Natural generalizations of the extension $a$ and lifting  $s$ operations  can be defined on any sequence of integers eventually zero. The operation $a$ is a bijection on the set of such sequences. Its inverse operation  $b$ is defined by:
 $$
b(i_0,i_1,i_2,\ldots)=(i_0-1,i_1-1,i_2,\ldots).
 $$
The operation $s$ is injective and can be inverted on its image, via an operation $r$ defined by:
$$
 r(2,i_{1},i_{2},\ldots)=(i_{1},i_{2},\ldots).
 $$


It is easy to see if a given sequence, which is eventually zero,  is admissible. Indeed, we can, starting from it, trace back the elementary steps that generated it from the basic frame  $(1,0,0,\ldots)$.
The rules can be summed up as follows: every time there is a 2 we erase it by using  $r$, otherwise we subtract 1 from the first two elements, by applying $b$.

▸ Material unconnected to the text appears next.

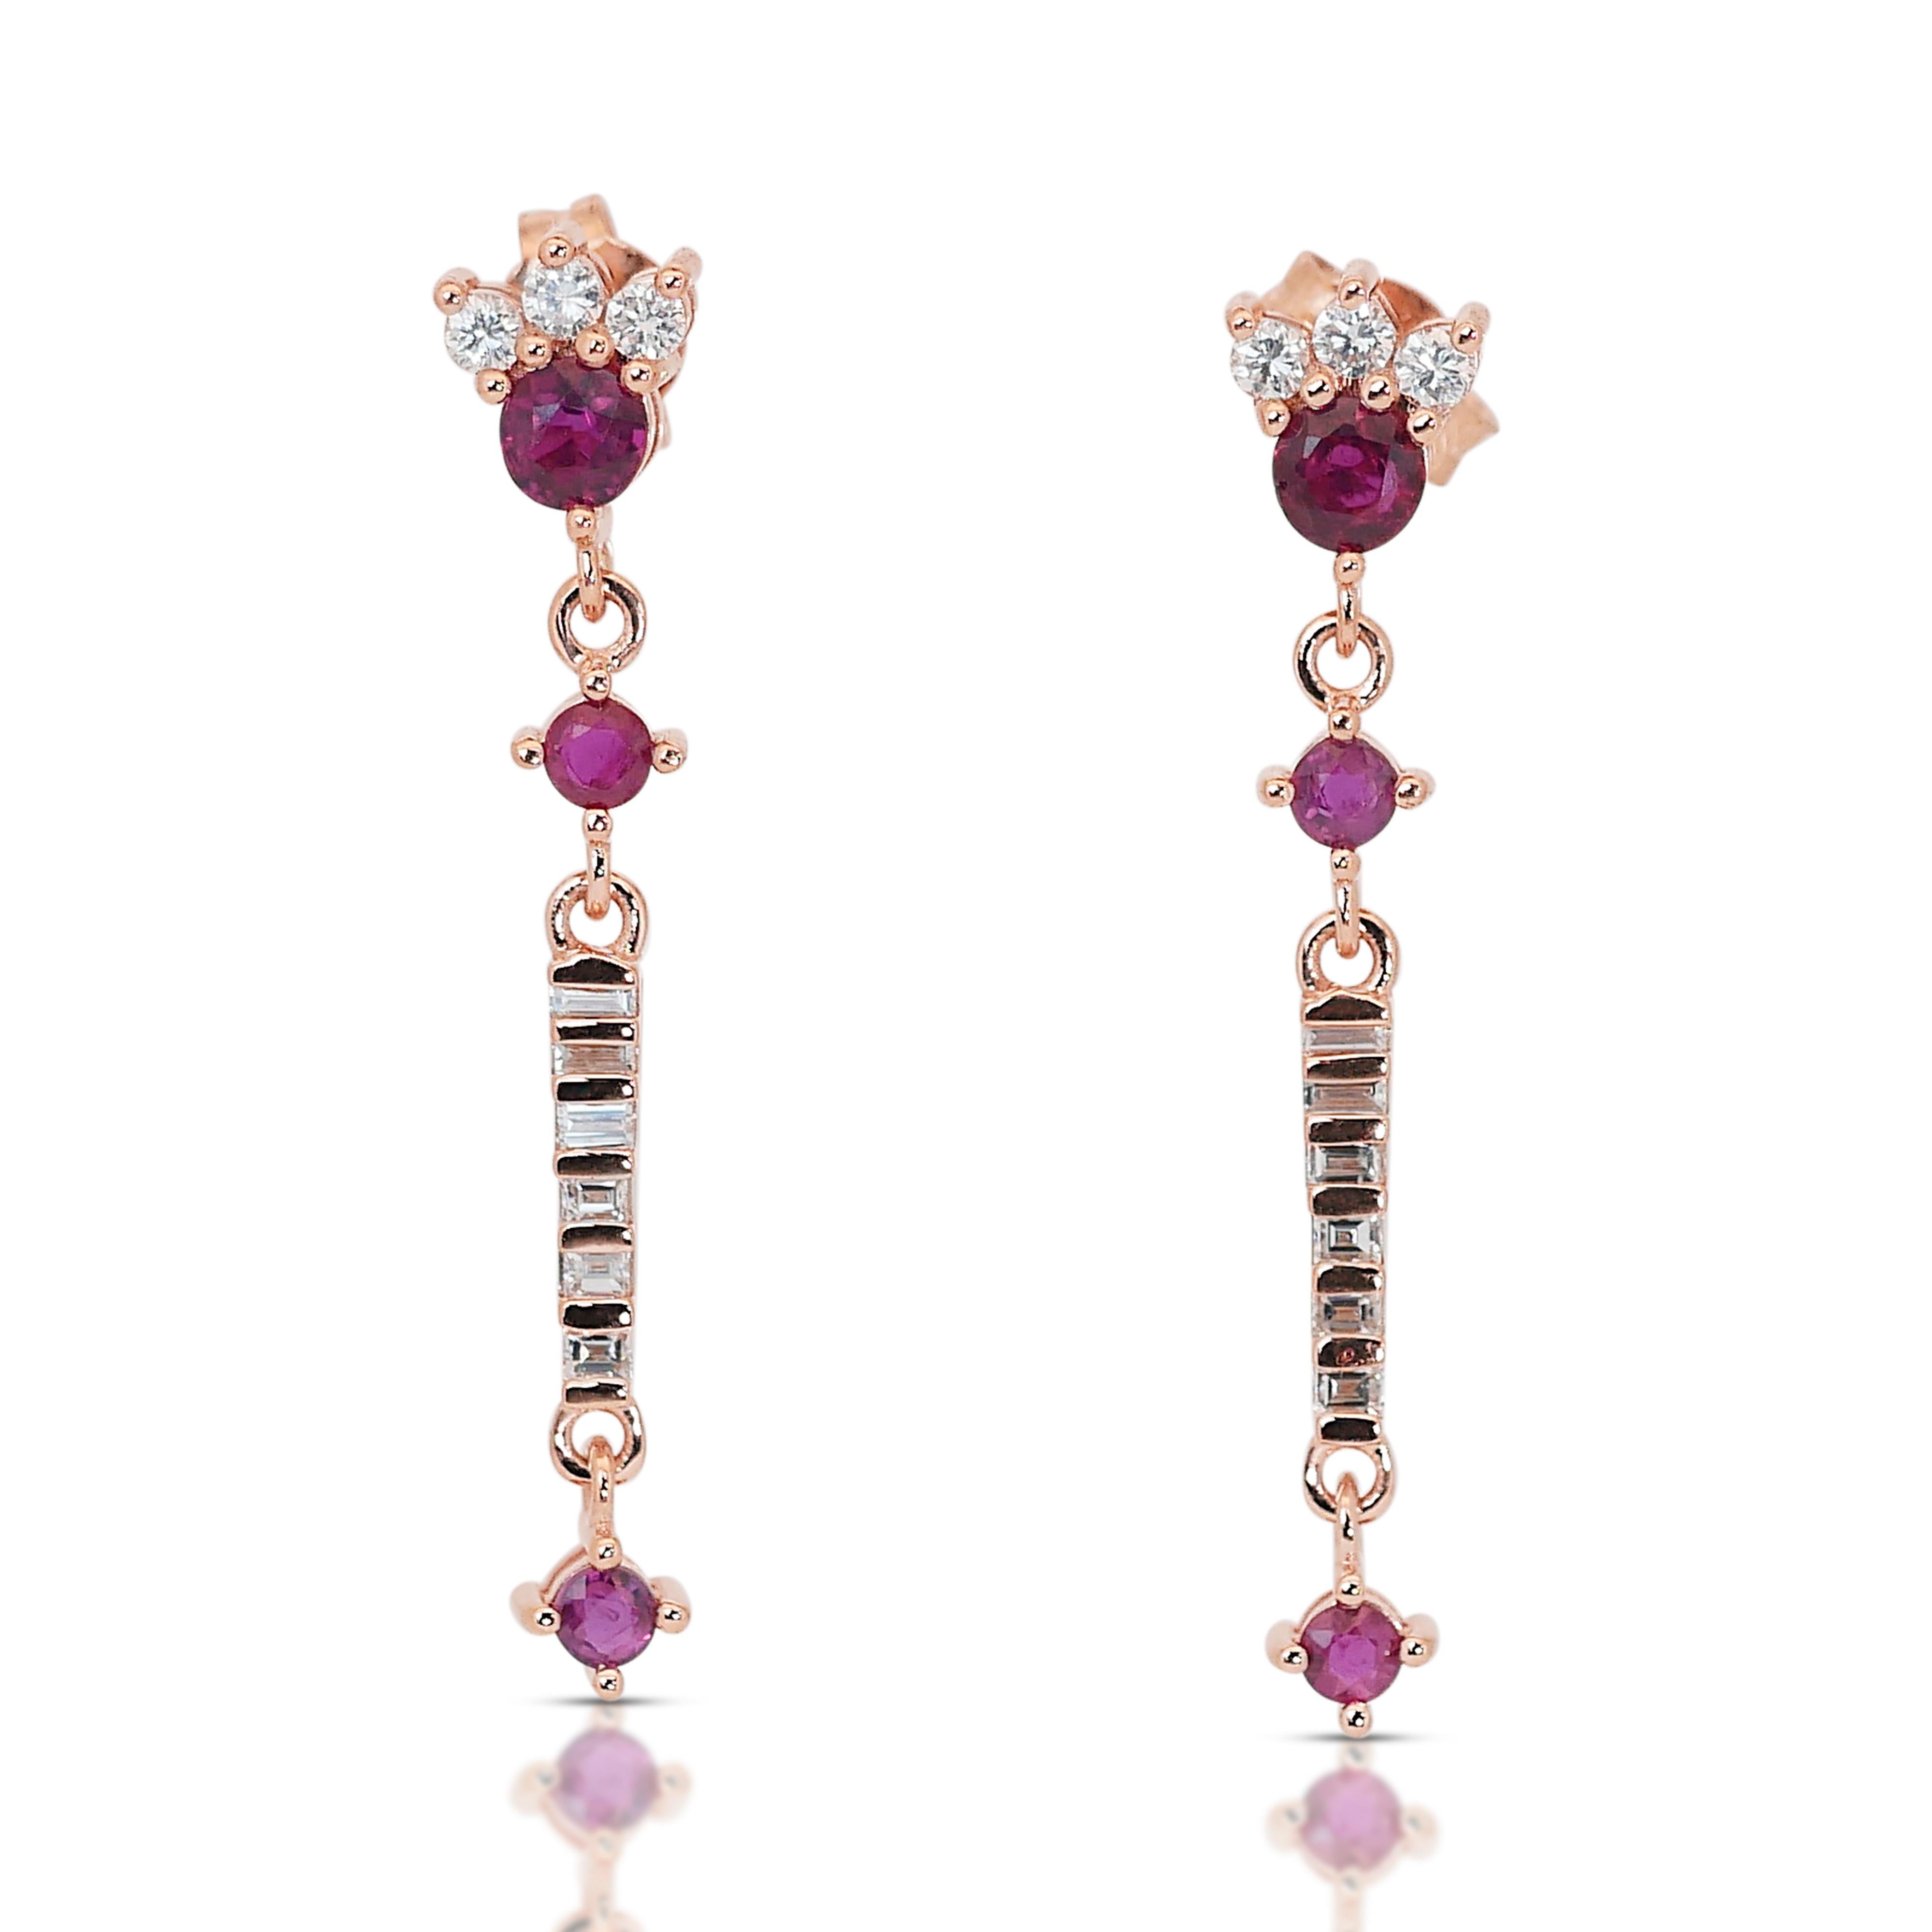 Glittering 14k Rose Gold Rubies and Diamonds Drop Earrings w/1.20 ct - IGI Certified

This glittering drop earrings, crafted in luxurious 14k rose gold, boasts a vibrant display of gemstones. The centerpiece features six round rubies totaling 0.80

\begin{example}\label{esempio1}
Consider the sequence $(3,6,6,3,1,0,\ldots)$. We wish to see if it is admissible for a path of length  $18=3+6+6+3+1-1$. Tracing backwards we have : $(2,5,6,3,1,0,\ldots)$, $(5,6,3,1,0,\ldots)$, $(4,5,3,1,0,\ldots)$, $(3,4,3,1,0,\ldots)$, $(2,3,3,1,0,\ldots)$, $(3,3,1,0,\ldots)$, $(2,2,1,0,\ldots)$, $(2,1,0,\ldots)$, finally $(1,0,\ldots)$. So the given sequence is admissible.
\end{example}

\begin{example}\label{esempio2}
If we take  $(4,5,2,3,1,0,\ldots)$, and we  trace backwards, we get:\footnotesize $$(3, 4, 2, 3, 1, 0,\ldots), (2, 3, 2, 3, 1, 0,\ldots), (3, 2, 3, 1, 0,\ldots), (2, 1, 3, 1, 0,\ldots), (1, 3, 1, 0,\ldots),$$ \normalsize  and finally $(0, 2, 1, 0,\ldots)$, which is clearly not admissible since there are no Dyck paths of length 2 without feet at the zero level.
\end{example}
In the preceding arguments, we have implicitly used the following two lemmas whose proof is straightforward:


\begin{lemma}\label{one}
  Given an eventually zero integer sequence  $\mathbf{I}$, with $i_0=2$,  $r(\mathbf{I})$ is  admissible if and only if  $\mathbf{I}$ is.
\end{lemma}


\begin{lemma}\label{two}

    Given an eventually zero integer sequence  $\mathbf{I}$, with  $i_0\ne2$, $b(\mathbf{I})$  is  admissible if and only if  $\mathbf{I}$ is.
\end{lemma}

Given an eventually zero integer sequence $(i_0,i_1,i_2,\ldots)$, let $i_f$ denote the last nonzero element and call  $f$ the {\it degree} of the frame.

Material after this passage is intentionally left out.